Sometimes an angel is one step ahead of us. When I zipped up fancy-schmancy in the hotel, things just didn’t fit, so my blue-knit night-shirt got crammed into my backpack. First time on the entire trip I’d put any clothing there. Awesome, I’m thinking, sitting there now soaking wet. I can go to the restroom with my backpack, get out my night-shirt, clean up, dry off, and nobody needs to know of my mishap. We were on the row right in front of the restrooms; just a swift step in. Blue-knit night-shirt looked like a tee shirt; I tucked up some of its length; good to go. Back to my seat. Buckled.

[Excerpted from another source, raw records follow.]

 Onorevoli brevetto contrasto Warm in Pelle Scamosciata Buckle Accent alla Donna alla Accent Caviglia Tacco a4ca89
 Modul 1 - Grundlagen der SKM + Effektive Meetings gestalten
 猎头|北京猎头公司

The flight attendants were busy getting everyone settled in. The pain under my rib cage continued, the stress building. At home, a Tylenol and my electric heating pad take care of that problem. No heating pads here. Then I remembered the lovely hot water bottles tucked into our bed in the tent camps, all cozily wrapped in flannel, so comforting! Ah, an idea; surely they’d have such a thing on airplanes too! I signaled to an attendant (no, she didn’t look anything like Freida). “Could you bring me a hot water bottle, please?” This fell into the realm of an answer on Jeopardy. “A hot water bottle? You want a bottle of hot water?” She looked genuinely puzzled. I explained about these strange bottles filled with hot water that one could place against ones body for warmth, or to ease pain.

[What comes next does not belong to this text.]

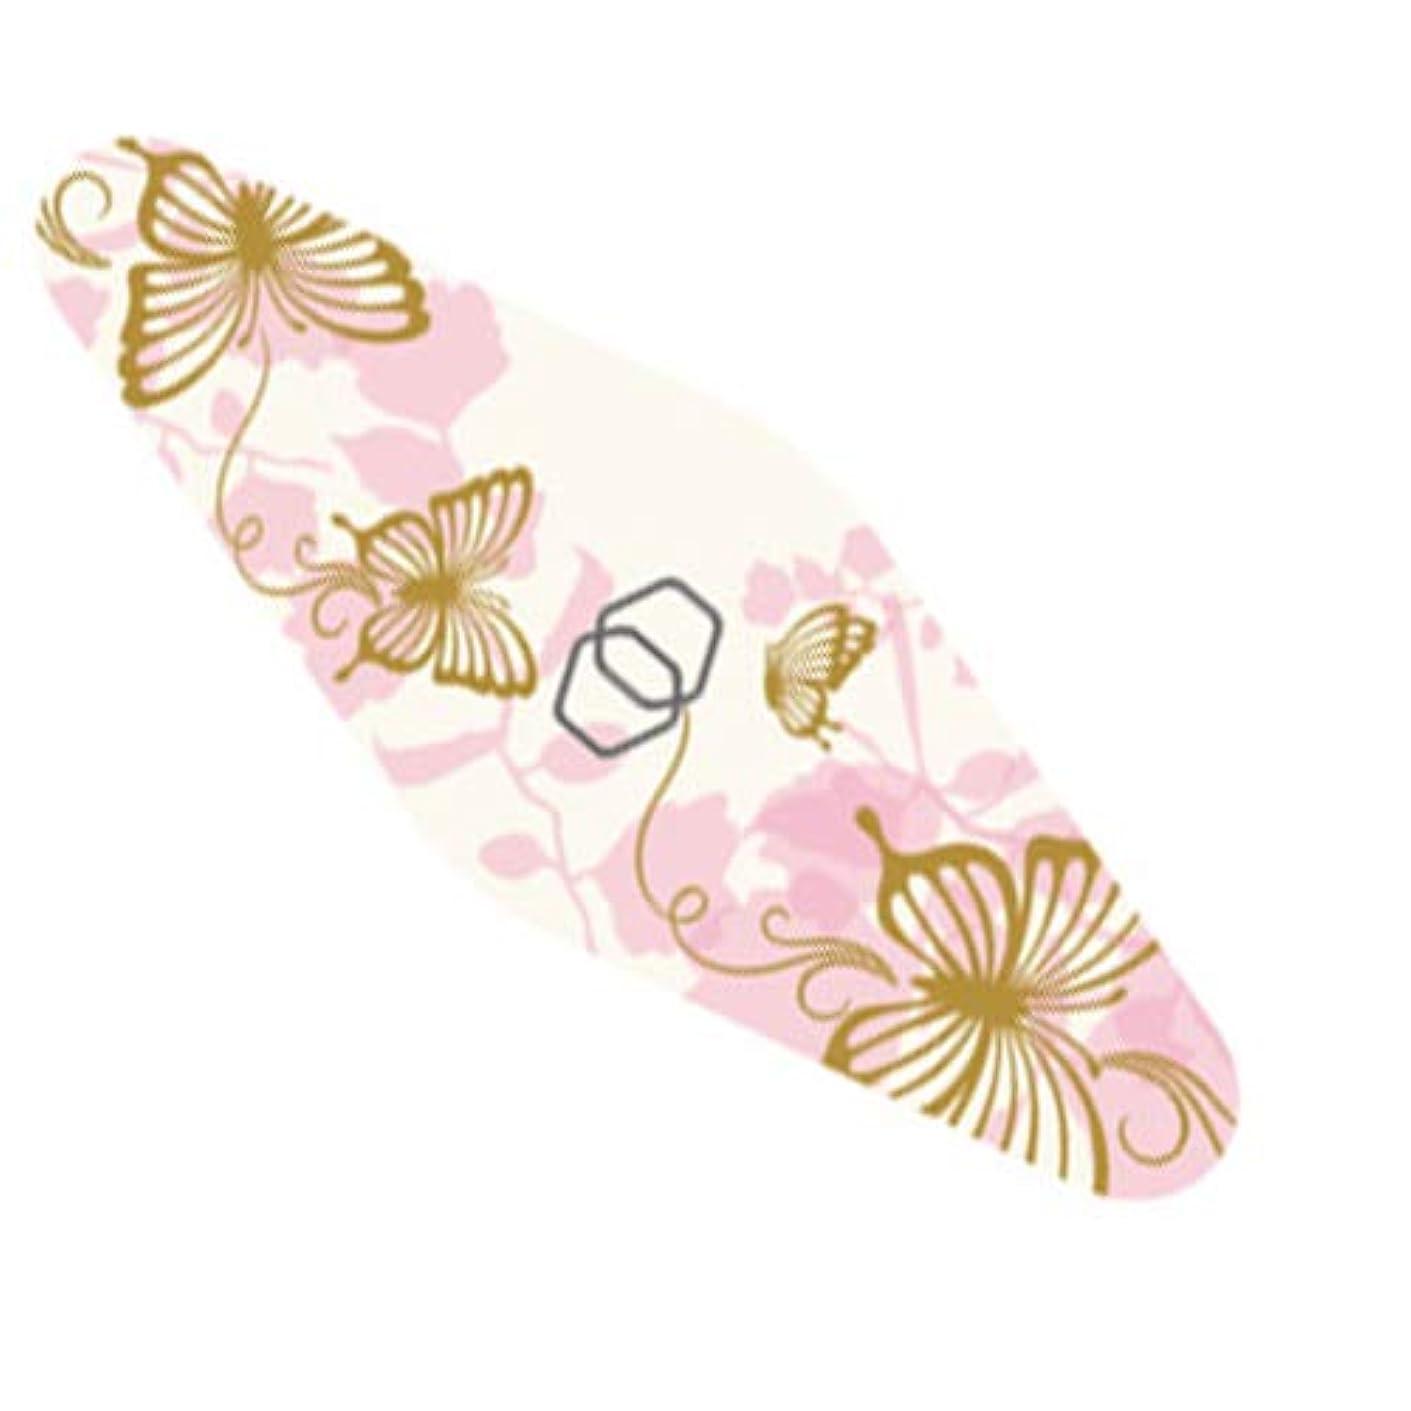 真鍮著作権血色の良いダイヤモンドネイルファイル キャリー ピンク蝶々

“Pain?” she said, eyebrows raised. “You are in pain? Where is your pain?” Before I realized how my answer would affect the next moments, I replied “In my chest.” This set off a series of alarms and commotion befitting the arrival of a baby or something equally monumental. Suddenly a nurse appeared; the passenger across the aisle announced he was a doctor. Questions, questions, questions. “They are going to haul me off this plane,” I realized. “It’s my RIGHT side,” I said, as fast as I could think. “It’s a surgical scar! Sometimes it acts up!” What kind of surgery? How long ago? Ten minutes of questioning ensued before calm finally settled in. The aisle began to clear. Rick, and the passenger on the other side of me, each patted my shoulder. “Whew, that was close.”

And then, the nice non-Freida attendant was back. “I have a hot water bottle for you,” she said. “I hope this helps.” She had taken a two-liter sprite bottle, filled it with water, wrapped it in a towel, and microwaved it. The plane took off. I left Africa wearing a blue-knit night-shirt overlain by a bottle of hot water. Adventure 101, I passed.